Look around, and see what the world presents of high and low. Go to the court of princes. See the treasure and skill of all nations brought together to honour a child of man. Observe the prostration of the many before the few. Consider the form and ceremonial, the pomp, the state, the circumstance; and the vainglory. Do you wish to know the worth of it all? Look at the Cross of Christ.
Go to the political world: see nation jealous of nation, trade rivalling trade, armies and fleets matched against each other. Survey the various ranks of the community, its parties and their contests, the strivings of the ambitious, the intrigues of the crafty. What is the end of all this turmoil? The grave. What is the measure? The Cross.
Go, again to the world of intellect and science: consider the wonderful discoveries which the human mind is making, the variety of arts to which its discoveries give rise, the all but miracles by which it shows its power; and next, the pride and confidence of reason, and the absorbing devotion of thought to transitory objects, which is the consequence. Would you form a right judgment of all this? Look at the Cross.

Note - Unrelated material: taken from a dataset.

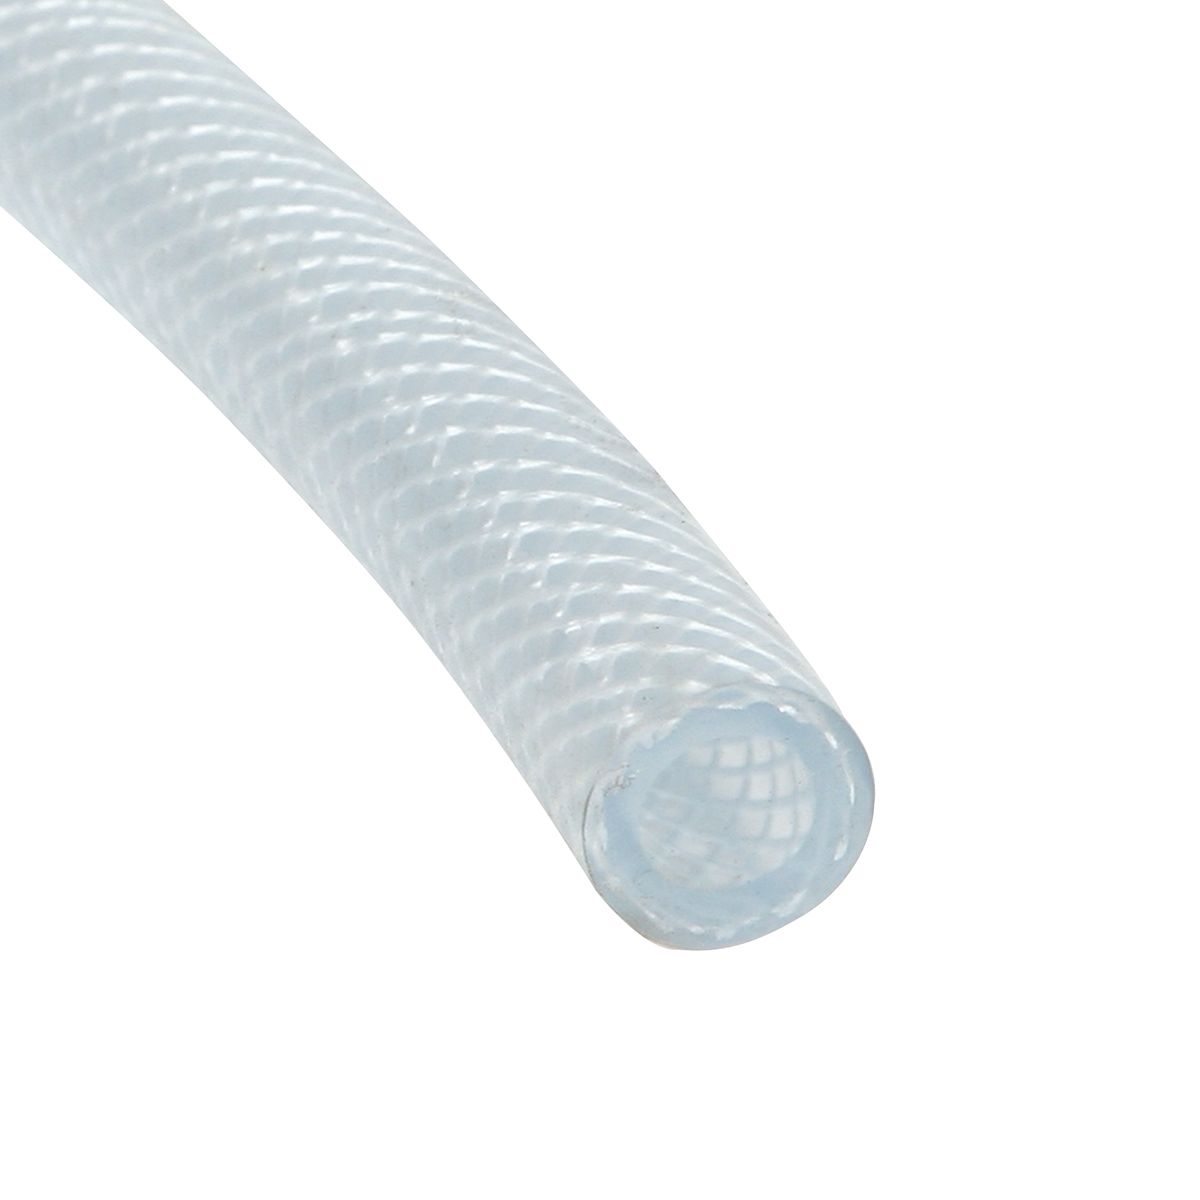 51mm or 2" Clear Flexible PVC Tube Reinforced Pipe Water Pond Braided Air Hose 
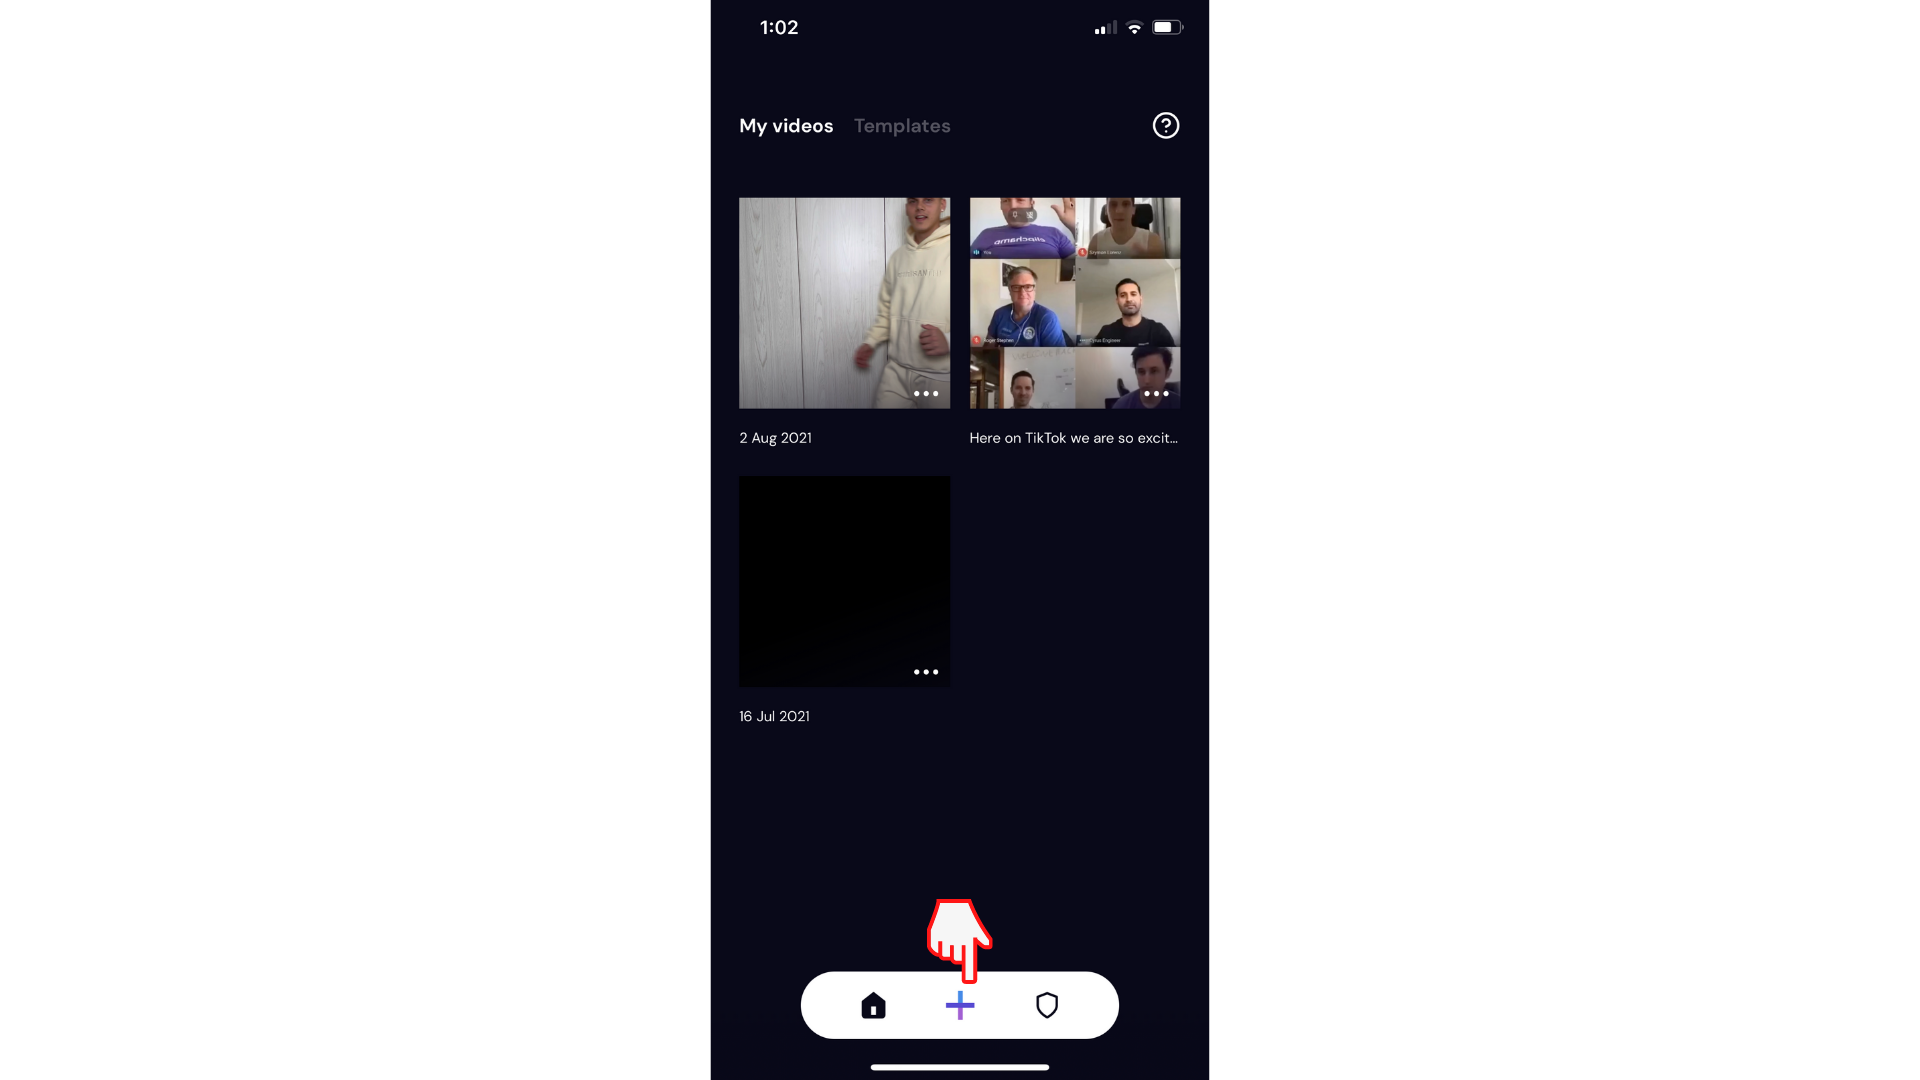 User creating a new video on Clipchamp iOS app by clicking the plus button

Again: look at misery, look at poverty and destitution, look at oppression and captivity; go where food is scanty, and lodging unhealthy. Consider pain and suffering, diseases long or violent, all that is frightful and revolting. Would you know how to rate all these? Gaze upon the Cross.
Thus in the Cross, and him who hung upon it, all things meet; all things subserve it, all things need it. It is their centre and their interpretation. For he was lifted up upon it, that he might draw all men and all things unto him.